What you have to do -
From the line containing "Taylor Swift Blog" down to the last line of the material, output each line exactly as it appears, excluding pictures.

Collected material -
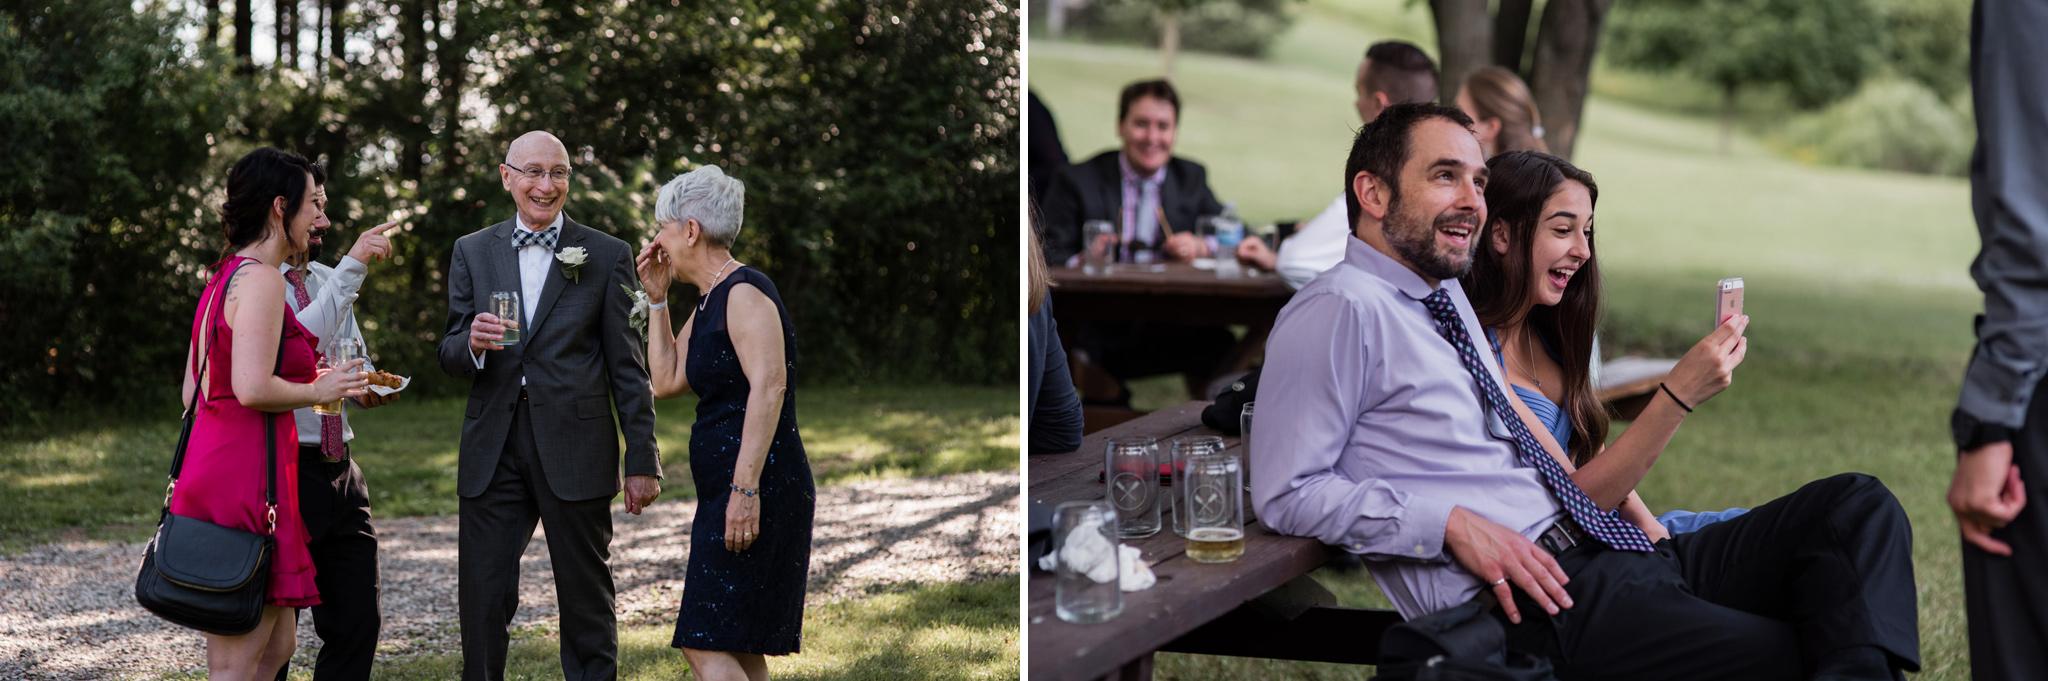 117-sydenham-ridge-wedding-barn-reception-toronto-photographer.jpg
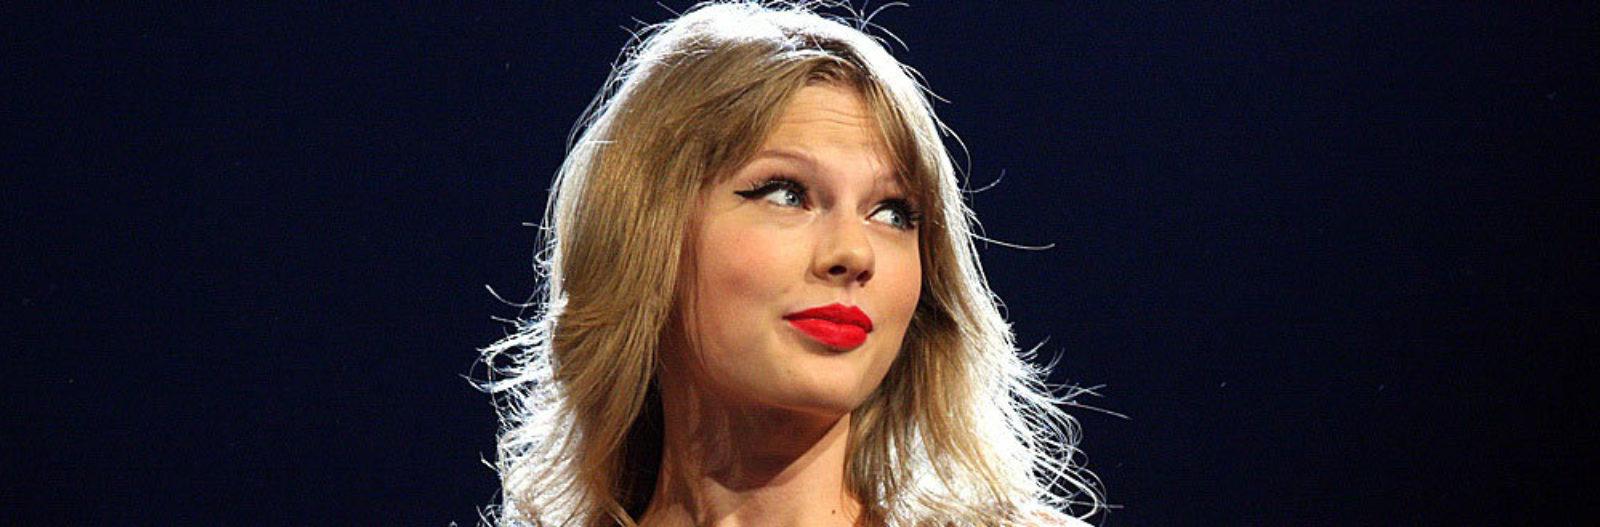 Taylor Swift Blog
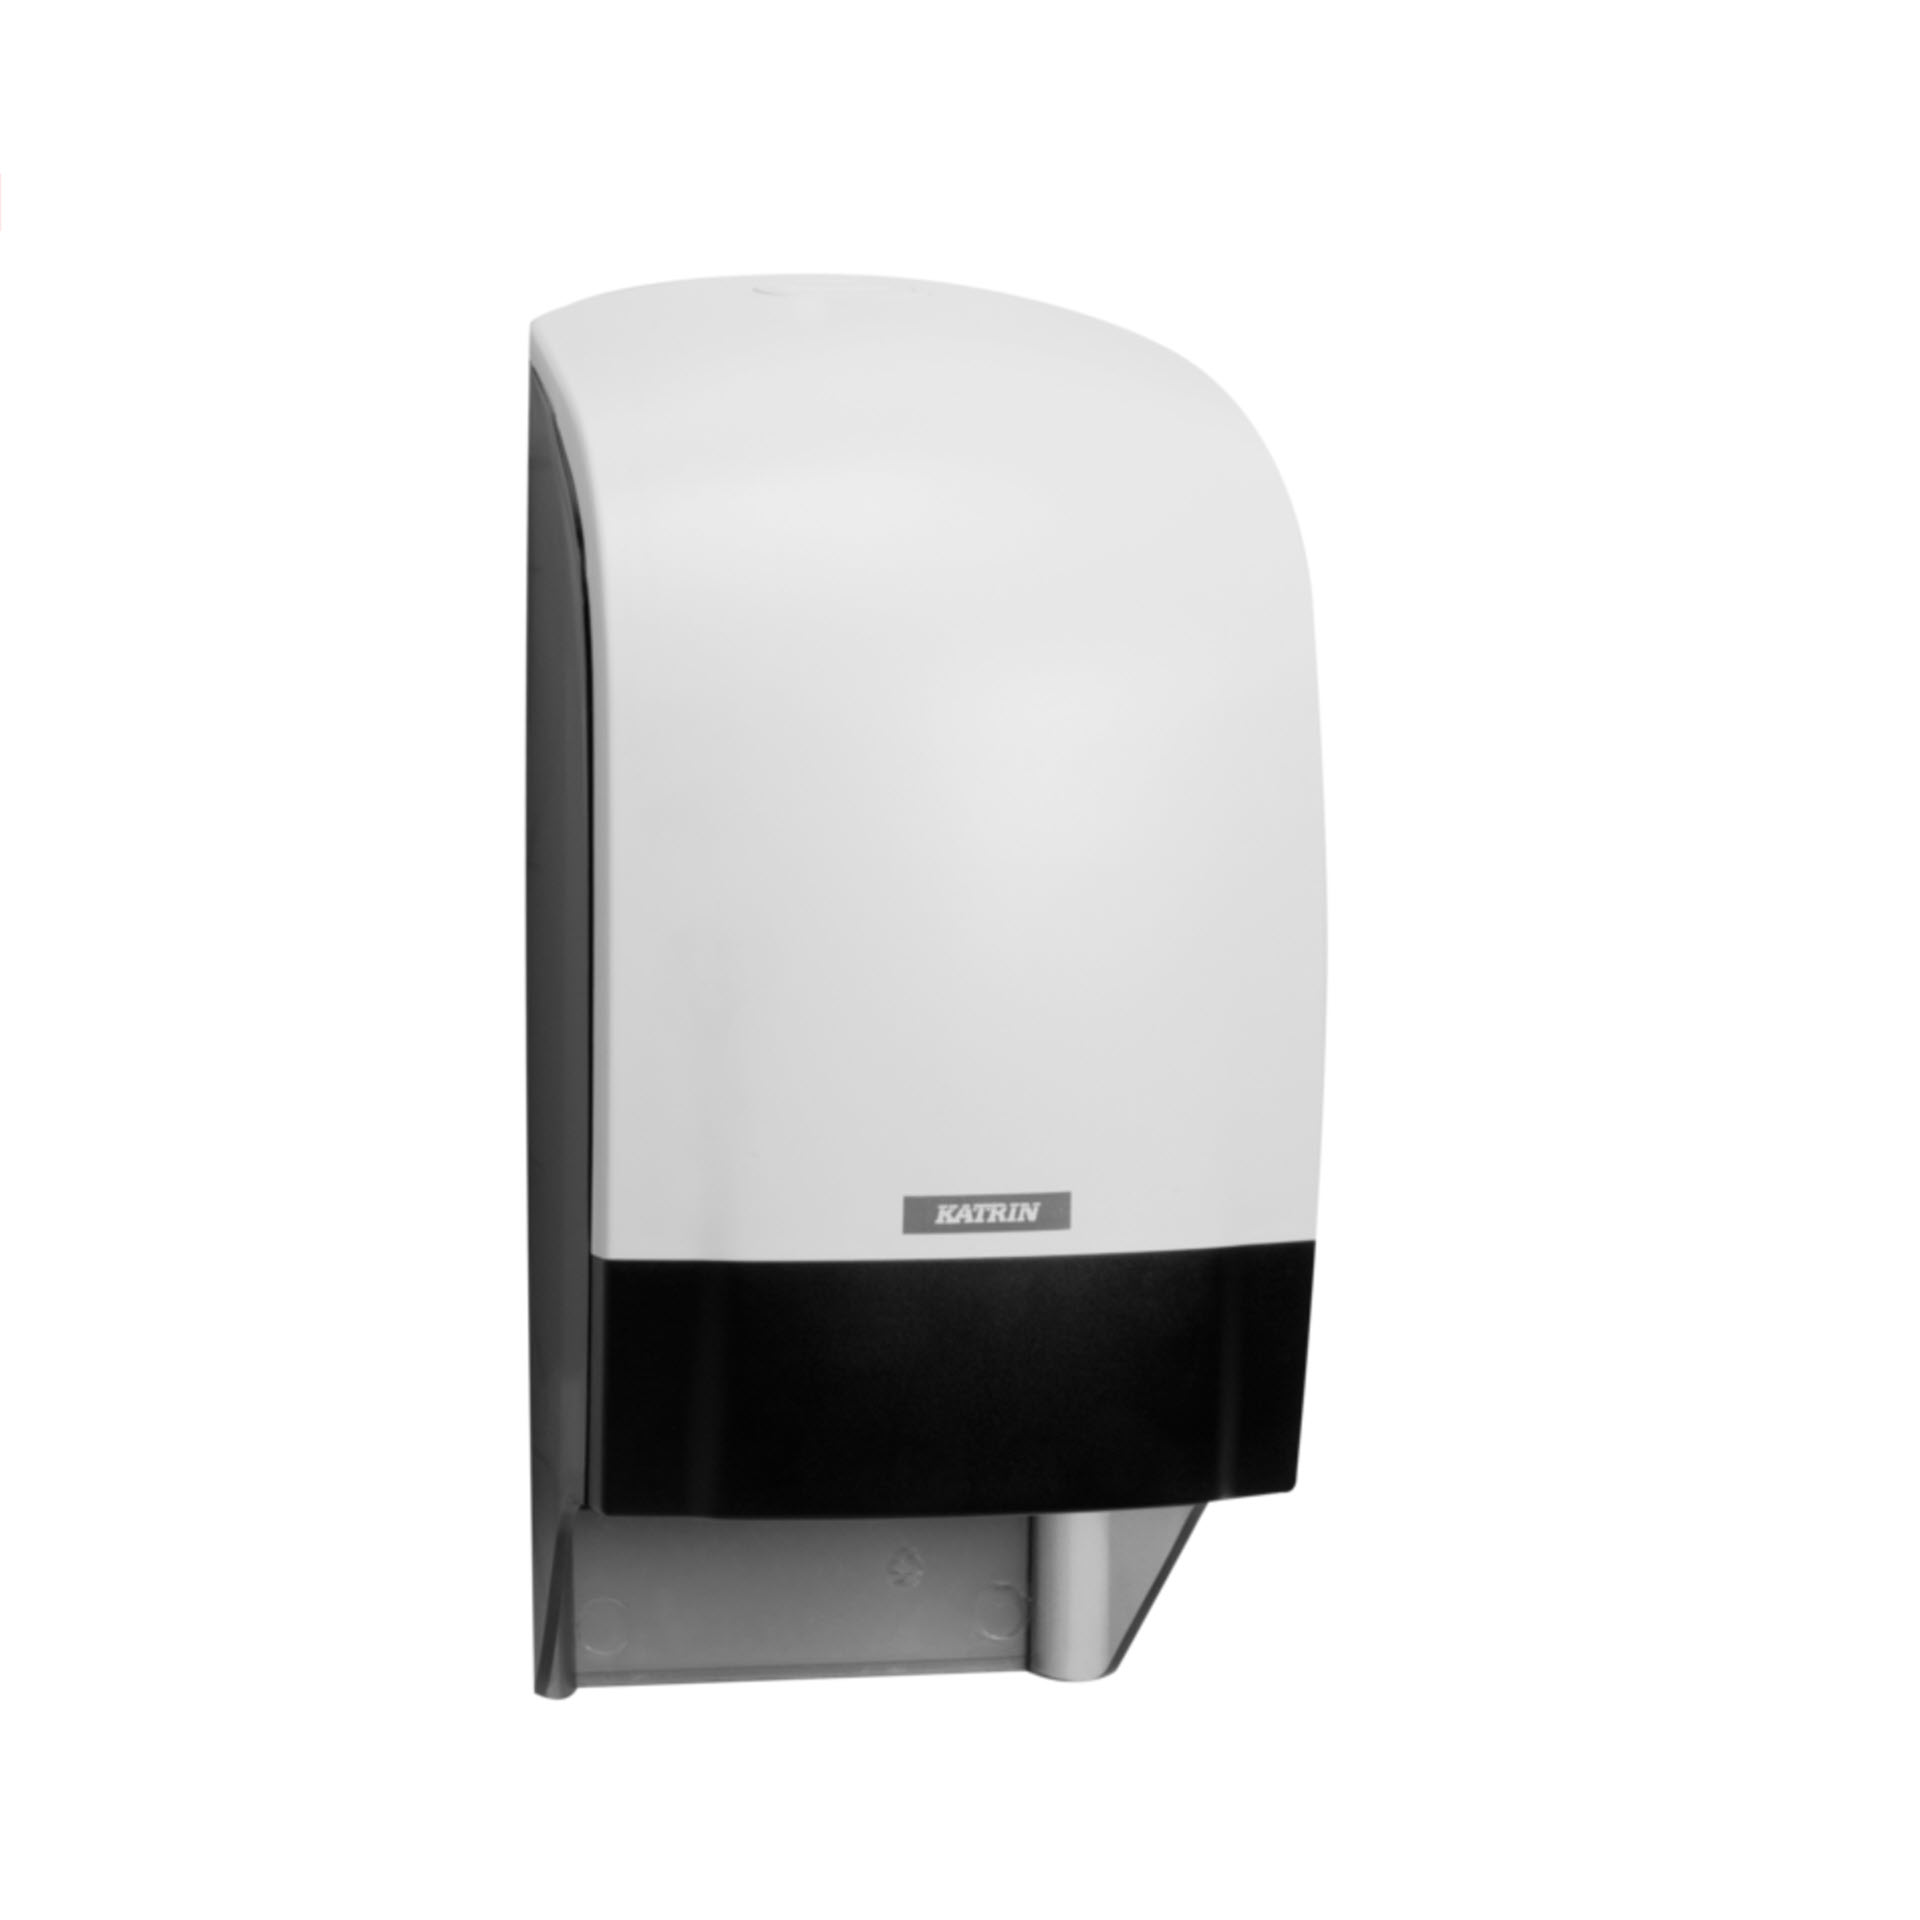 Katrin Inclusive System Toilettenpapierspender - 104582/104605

Result -
 Taylor Swift Blog
 Katrin Inclusive System Toilettenpapierspender - 104582/104605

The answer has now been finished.